30

I am creating a boxplot generator in Ruby, and I need to calculate some things.

Let's say I have this array:

arr = [1, 5, 7, 2, 53, 65, 24]

How can I find the lowest value (1), highest value (65), total (157), average (22.43) and median (7) from the above array?

Thanks

  • would recommend changing the line total = arr.inject(:+) to total = arr.inject(0, :+) to avoid getting a nil value – user1283153 Dec 15 '12 at 22:00

2 Answers2

66
lowest = arr.min
highest = arr.max
total = arr.inject(:+)
len = arr.length
average = total.to_f / len # to_f so we don't get an integer result
sorted = arr.sort
median = len % 2 == 1 ? sorted[len/2] : (sorted[len/2 - 1] + sorted[len/2]).to_f / 2
Drew Johnson
  • 18,973
  • 9
  • 32
  • 35
sepp2k
  • 363,768
  • 54
  • 674
  • 675
  • 4
    You need to be a bit more careful with the median, in case `arr.length` is divisible by 2. A method that should always work is `do sortedarr = arr.sort ; medpt1 = arr.length / 2 ; medpt2 = (arr.length+1)/2 ; (sortedarr[medpt1] + sortedarr[medpt2]).to_f / 2 ; end`, but obviously that's more expensive, and not as nice and pretty, as what you have in your answer. – Aidan Cully Jun 03 '10 at 15:59
  • 1
    One minor note: arr.inject(:+) will only work in Ruby 1.8.7 or greater (or if another library has implemented Symbol#to_proc, as Rails' ActiveSupport does). Otherwise, arr.inject {|sum, n| sum + n} would work. – Greg Campbell Jun 03 '10 at 17:19
  • 3
    @GregCampbell: `arr.inject(:+)` does not invoke `Symbol#to_proc`, inject invokes `rb_funcall` directly when given a symbol (which is a lot faster than passing a block (or worse using Symbol#to_proc)). But you're right that it only works in 1.8.7+. – sepp2k Jun 03 '10 at 17:30
  • Since you're sorting the array to find the median, would it be more efficient overall to find the minimum and maximum with sorted.first and sorted.last? – David Aldridge Dec 15 '12 at 22:11
  • @DavidAldridge in absolute terms yes, however the time complexity of the sorting is O(nlogn) and will eat up the O(n) of the min and max operations anyway for large datasets. – Fryie Dec 26 '12 at 18:33
1

Finding the minimum, maximum, sum and average are trivial and can be done easily in linear time as shown by sepp2k's answer above.

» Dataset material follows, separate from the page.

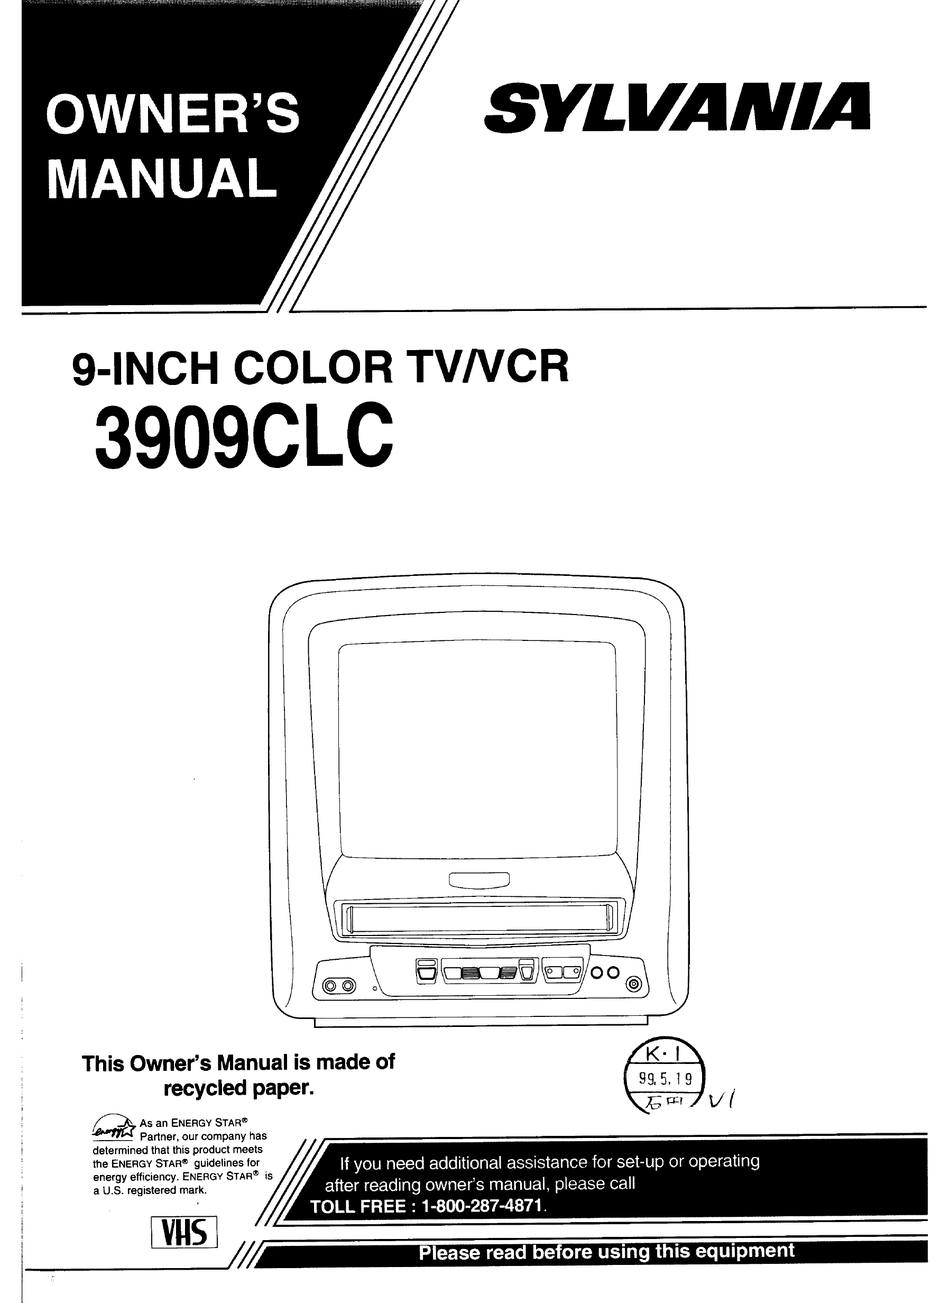 SYLVANIA 3909CLC OWNER'S MANUAL Pdf Download | ManualsLib

Finding the median is less trivial and the naive implementation (sorting, and then taking the middle element) runs in O(nlogn) time.

There are, however, algorithms that find the median in linear time (such as the median-of-5 algorithm). Others work even for any kind of order statistic (say, you want to find the 5th-smallest element). The problem with those is that you would have to implement them yourself, I know of no Ruby implementation.

O(nlogn) is quite fast already, so if you're not planning on working on huge datasets (and if you will need to sort your data anyway), you'll be fine with that.

Fryie
  • 146
  • 2